Al respecto, la Constitución establece que el proceso se inicia con la conformación del Comité de Postulaciones Judiciales, pero mientras esta exige que esté integrado por representantes de “diferentes sectores de la sociedad” (artículo 270); el artículo 65 de la LOTSJ, establece que de los 11 miembros que la conforman, 5 serán diputados de la Asamblea Nacional y 6 serán “de los demás sectores de la sociedad”, cuando para la Constitución obviamente no debe haber miembros del sector político, sólo de la sociedad.

Lo expuesto ya es suficientemente delicado, porque afecta el logro de los principios constitucionales, no obstante, si a ello agregamos que incluso los 6 miembros restantes no son completamente independientes, el resultado es desolador.

Tal conclusión se deriva de la información dada por El Nacional, el cual publicó un cuadro en que analizaba las vinculaciones de los candidatos que se postularon y que finalmente fueron designados como representantes de la sociedad para conformar el actual Comité de Postulaciones Judiciales, de la siguiente manera:

• Uno fue diputado por el MVR y por el PSUV.
• Otro fue secretario del grupo de amistad parlamentaria Venezuela-Italia, que presidió el actual presidente del Comité de Postulaciones, diputado Elvis Amoroso, es decir, tuvo una relación de subordinación con este.
• Otra miembro es secretaria de la Comisión de Política Interior que preside el mismo diputado Elvis Amoroso. Esto último es aberrante, porque esa funcionaria, no sólo no representa a la sociedad civil para nada, sino que además tiene una relación de subordinación laboral con el Ex Presidente del Comité ahora candidato a magistrado, lo que pone en entredicho la imparcialidad de sus actuaciones.
• El último fue el contacto de una empresa contratista del Estado que entre 2002 y 2012 obtuvo un contrato de la Gobernación de Aragua bajo el mandato de Rafael Isea (PSUV). Quizás este sea el más independiente porque no es funcionario público, aunque está demostrada su preferencia política.
• Dos son funcionarios públicos activos.

A este panorama tan preocupante se añade el hecho que muchos de los postulados no cumplen con los requisitos para ser magistrados. En este sentido, la Constitución exige que para ser magistrado hay que ser “jurista de reconocida competencia” y “gozar de buena reputación” (artículo 263, numeral 2). Entre los postulados aparecen jueces y fiscales destituidos. Es posible que las causas no sean válidas, pero hasta que no se diga lo contrario, es muy dudosa “su reconocida competencia” y “su buena reputación”, y sobre todo, en los casos en que han sido destituidos por órganos del propio sistema de justicia, como ocurre generalmente, no deberían ser seleccionados para un cargo de máxima jerarquía en uno de esos órganos, como es el Tribunal Supremo de Justicia.
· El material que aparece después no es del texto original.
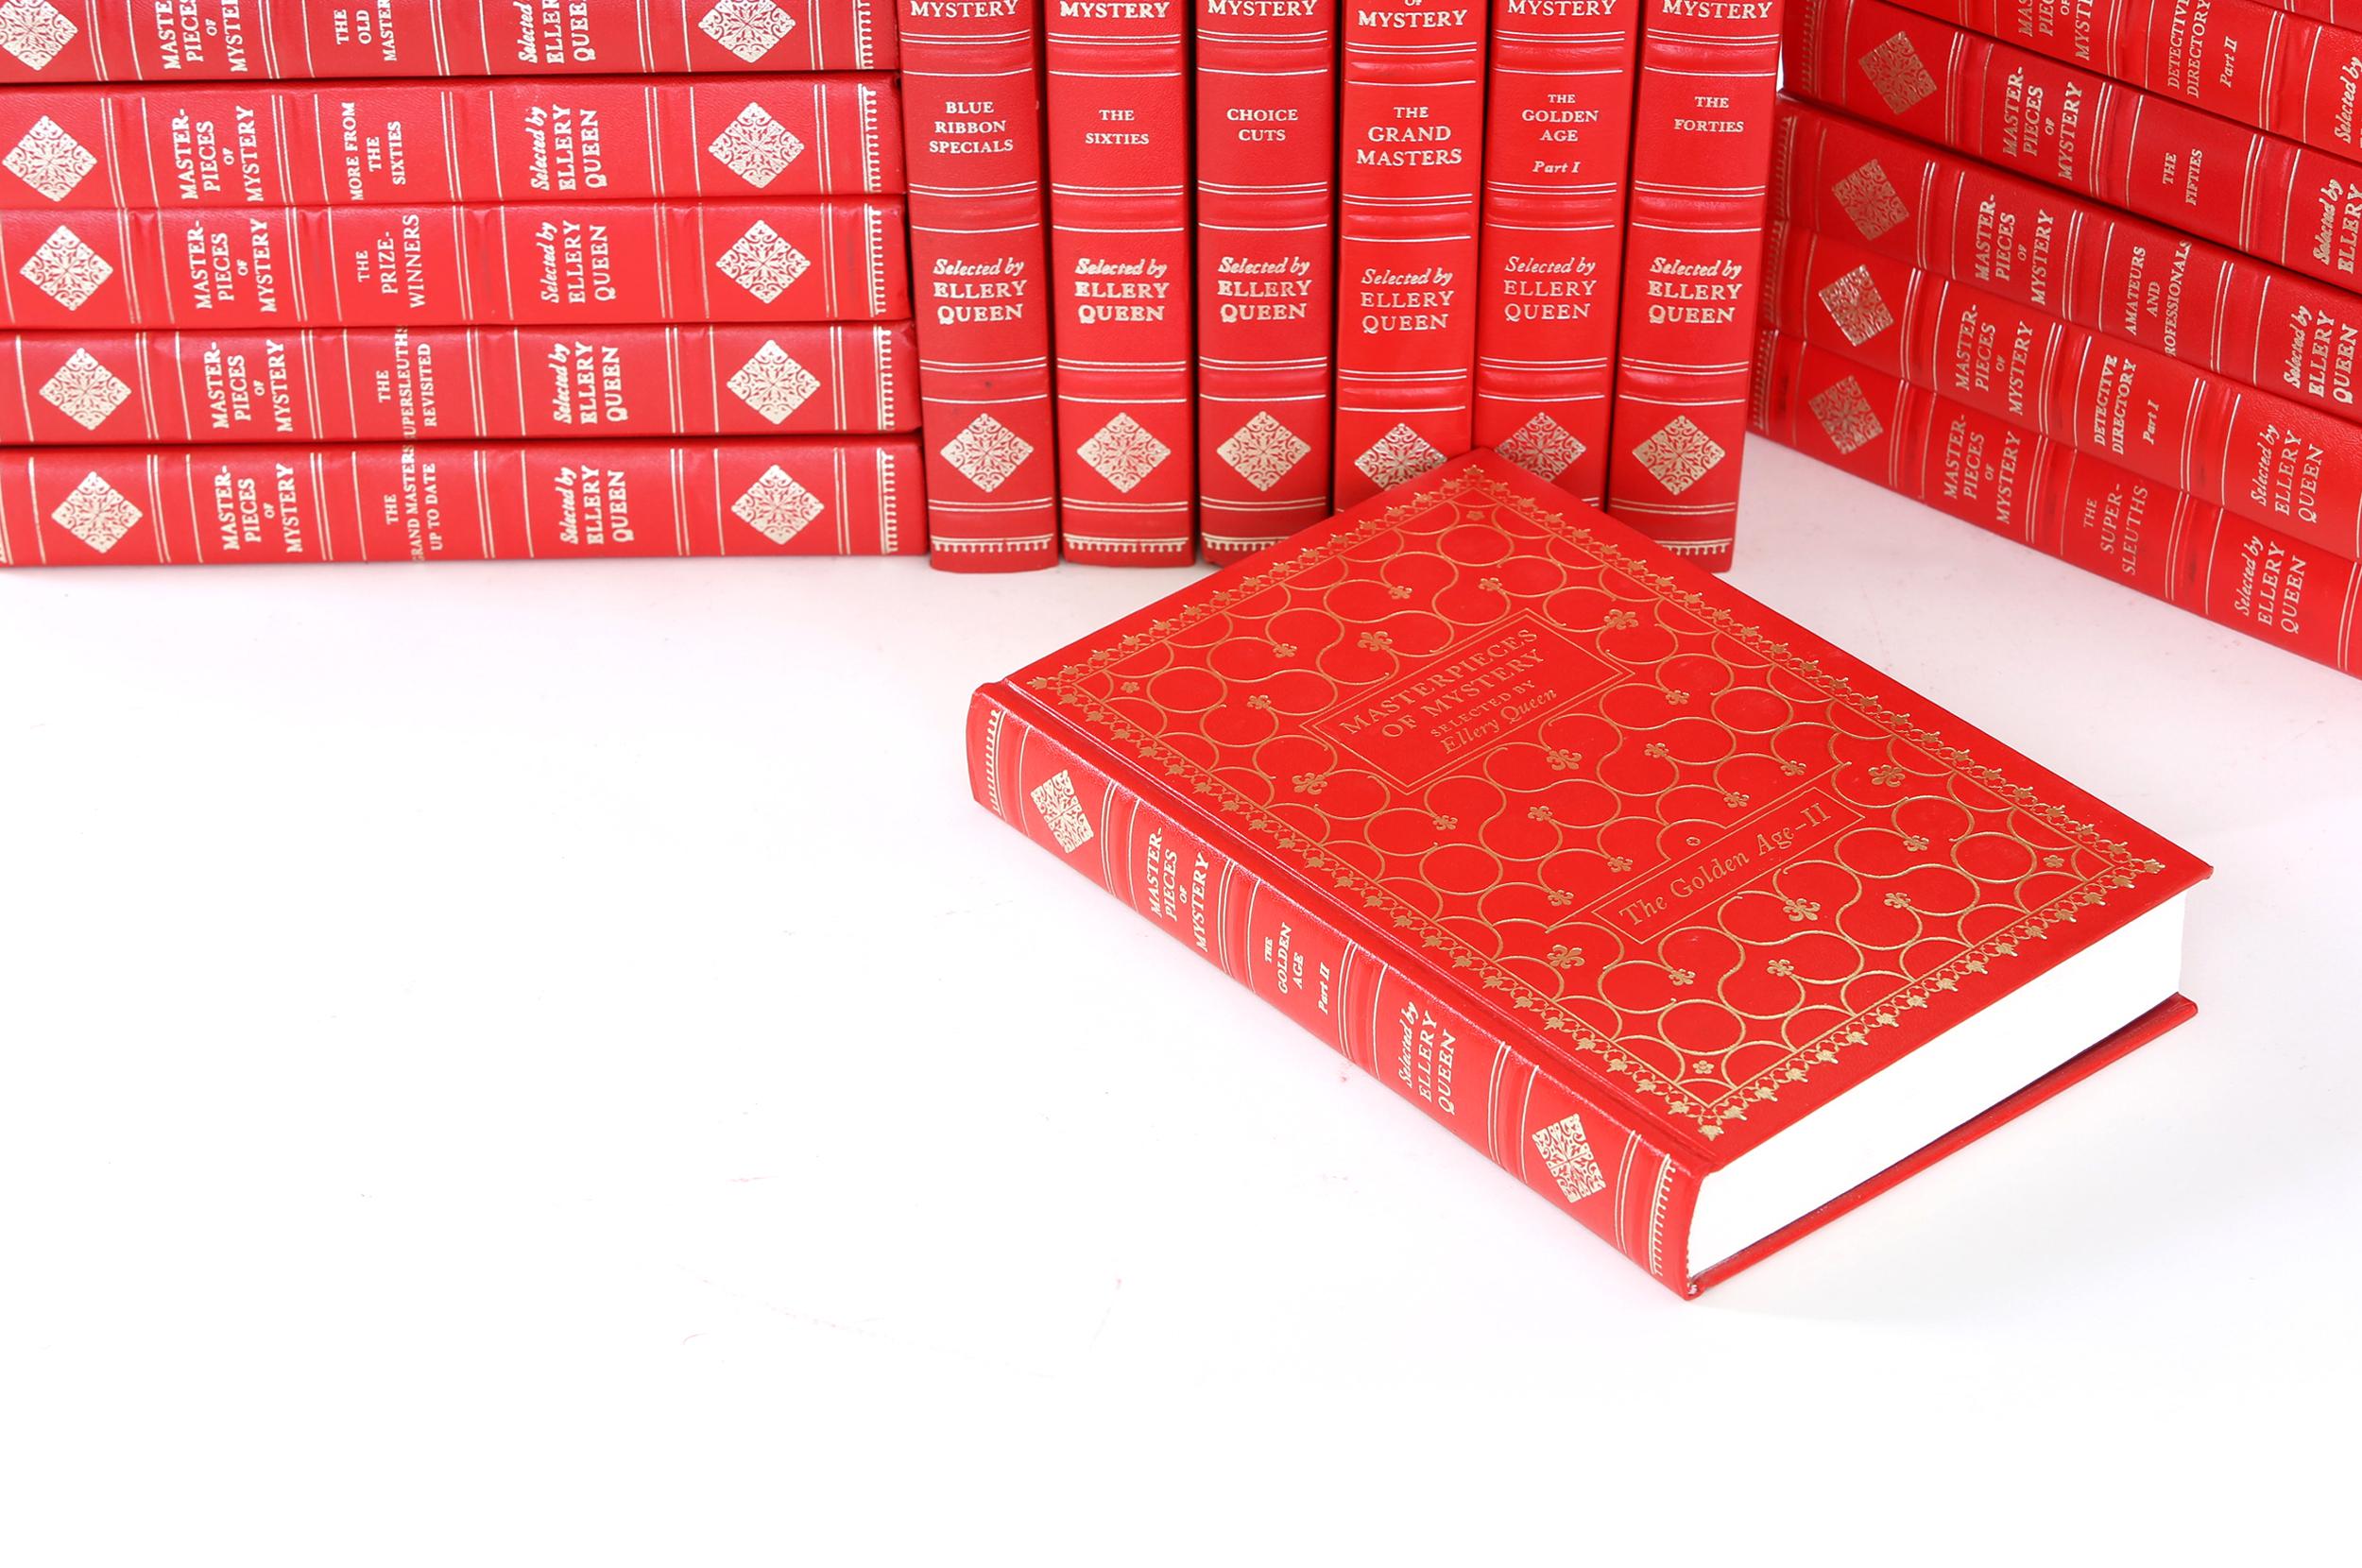 Gold Collection Gilt Leather Bound Books / Twenty Volumes

Lo más grave es que el Presidente de la Asamblea Nacional anunció el 15 de diciembre que ese organismo nombrará a los magistrados el próximo 23 de diciembre lo que significa que no se abrirá el lapso para las audiencias a los objetados, ya que el Comité de Postulaciones aprobará a todos los postulados y entre ellos preseleccionará a algunos.

A este respecto, llama la atención que no se deje correr completo del lapso de impugnación y el Comité proceda a la primera preselección, faltando un solo día para su conclusión (vence el 24 no el 23); el Comité del Poder Ciudadano también lo haga antes del vencimiento de ese plazo, y asimismo, la propia Asamblea Nacional.
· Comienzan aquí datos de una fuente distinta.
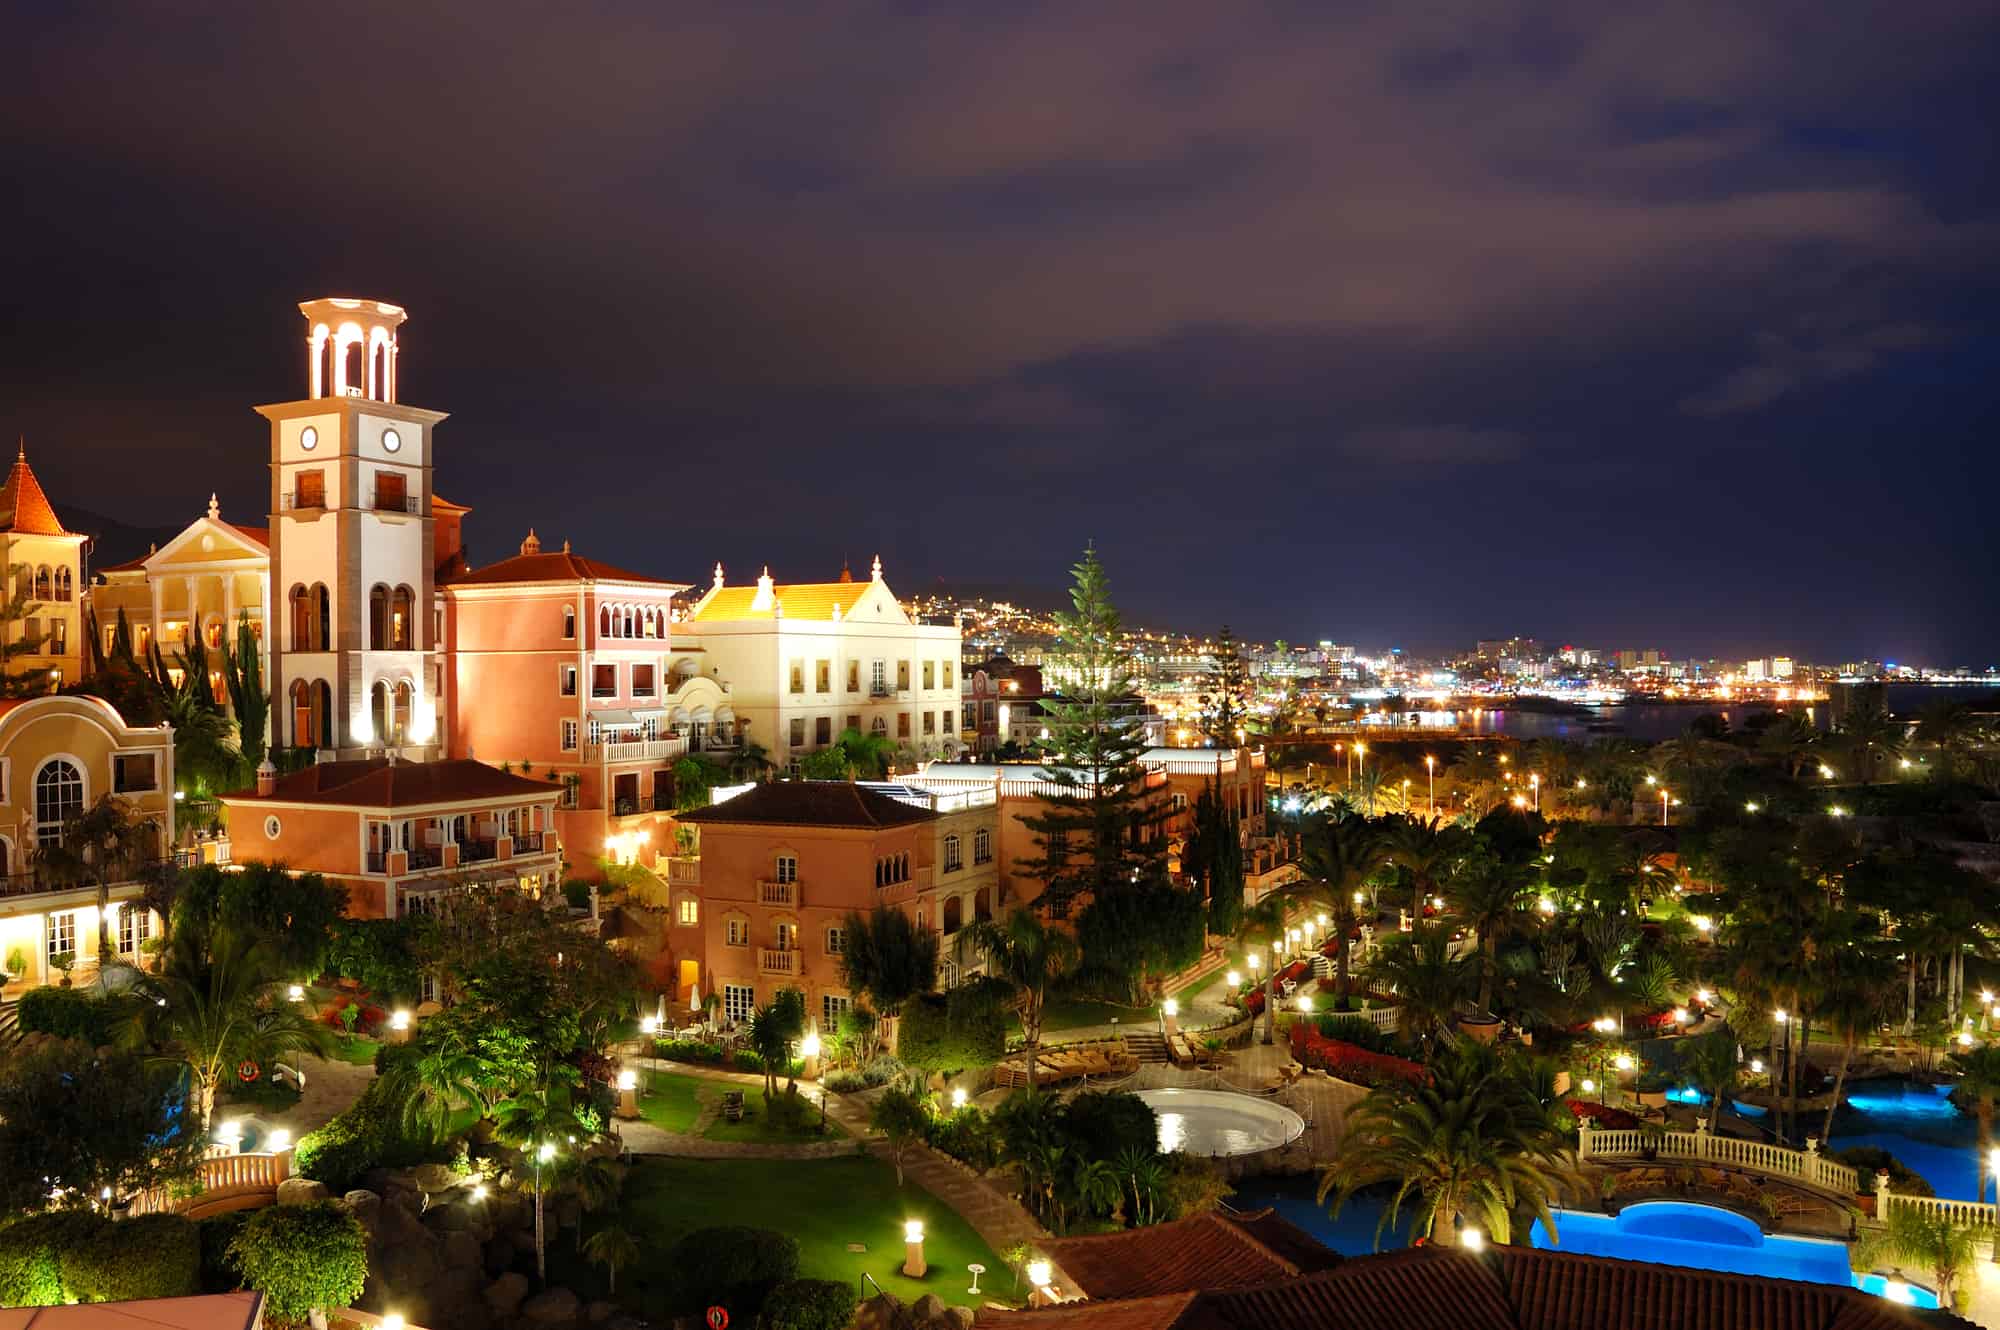 Night illumination of luxury hotel during sunset and Playa de las Americas at background, Tenerife island, Spain

¿Y a ti venezolano cómo te afecta?

La elección de los magistrados del Tribunal Supremo de Justicia nos afecta a todos los venezolanos, porque si se escogen magistrados parcializados y dependientes de otros poderes del Estado o de intereses particulares o políticos, los ciudadanos no tendremos justicia, y sin justicia no hay ciudadanos.
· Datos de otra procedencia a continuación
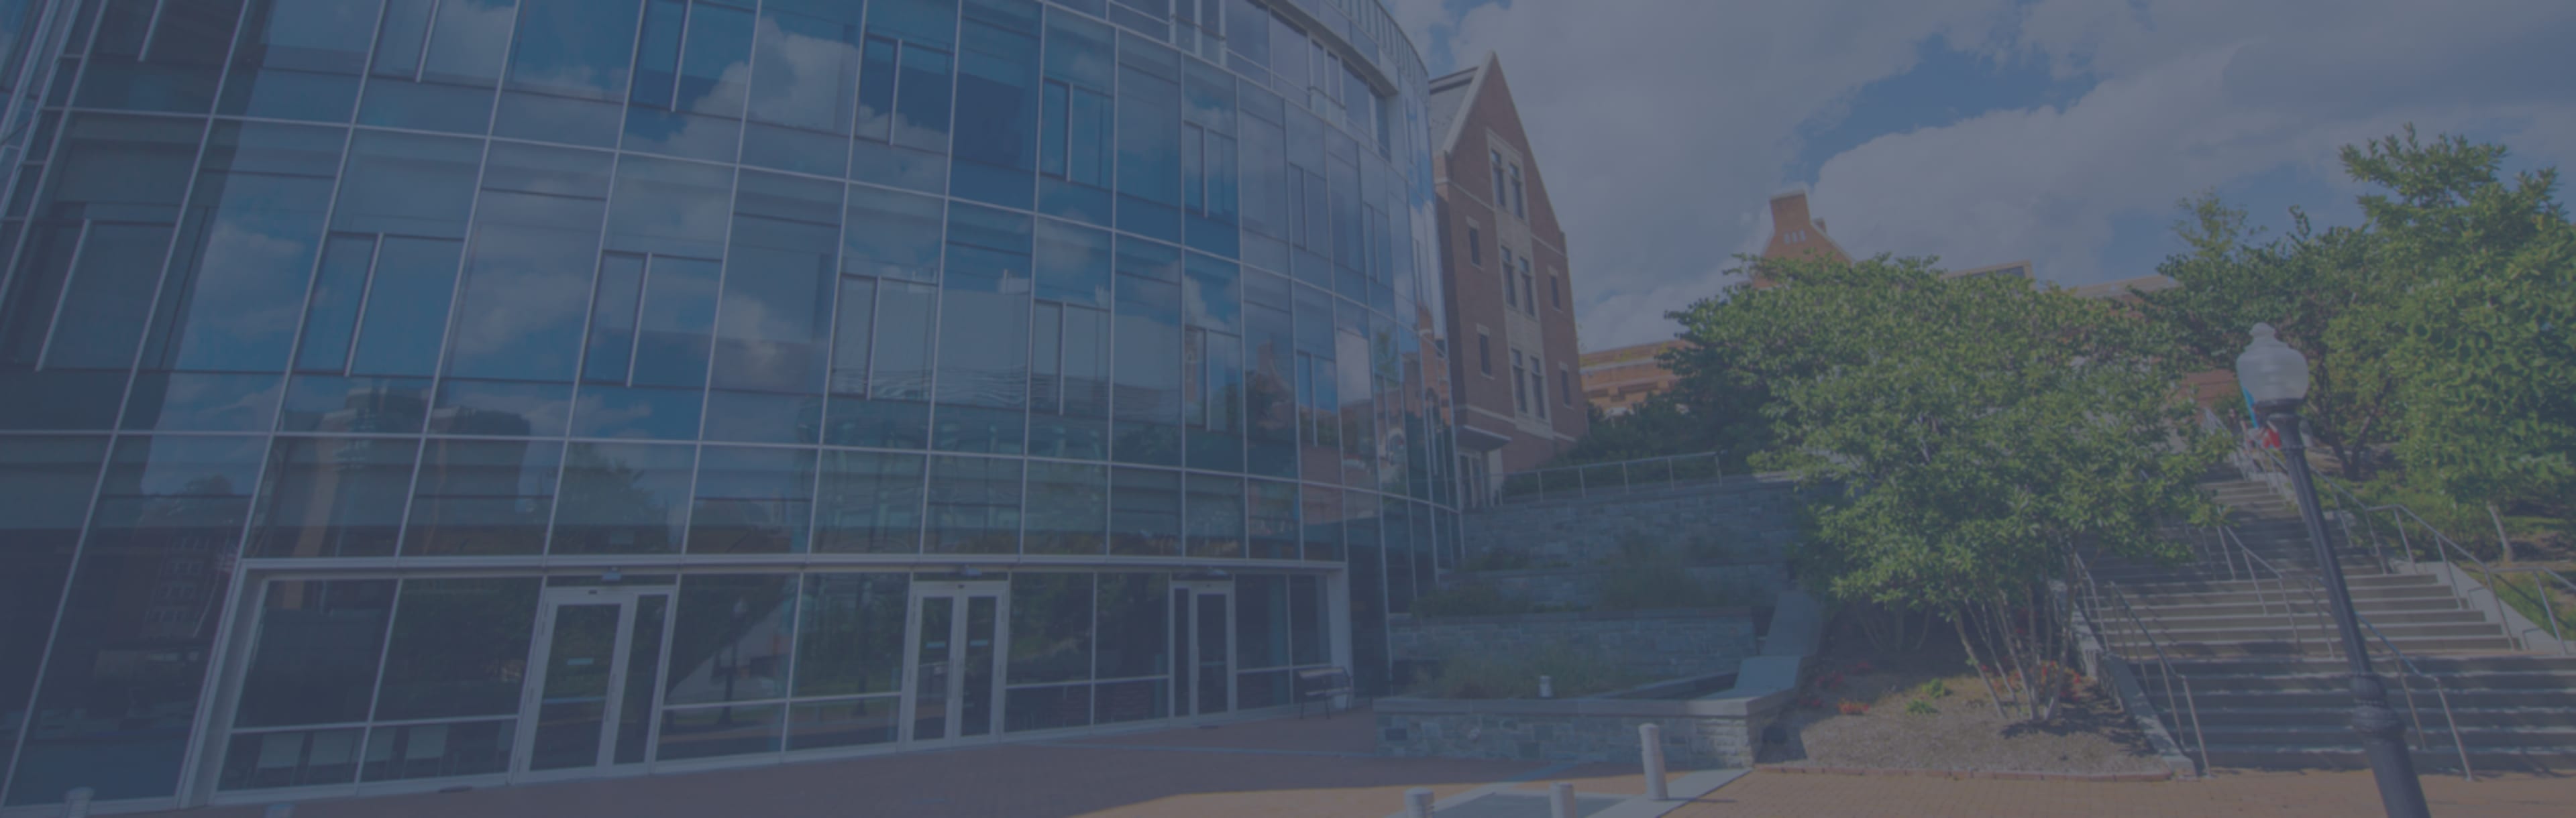 Georgetown University - McDonough School of Business MBA på heltid

La importancia de llevar adelante un proceso de selección acorde a la norma, resulta ahora más evidente a la luz del resultado electoral, que por las mismas declaraciones del Presidente de la República plantea un conflicto político y jurídico que puede ser resuelto en buena medida por el Tribunal Supremo de Justicia, por lo que se requiere para garantizar la democracia que sus magistrados sean imparciales e independientes políticamente para que puedan resolverlos de acuerdo al Derecho (Constitución y tratados internacionales de derechos humanos), y no a la política.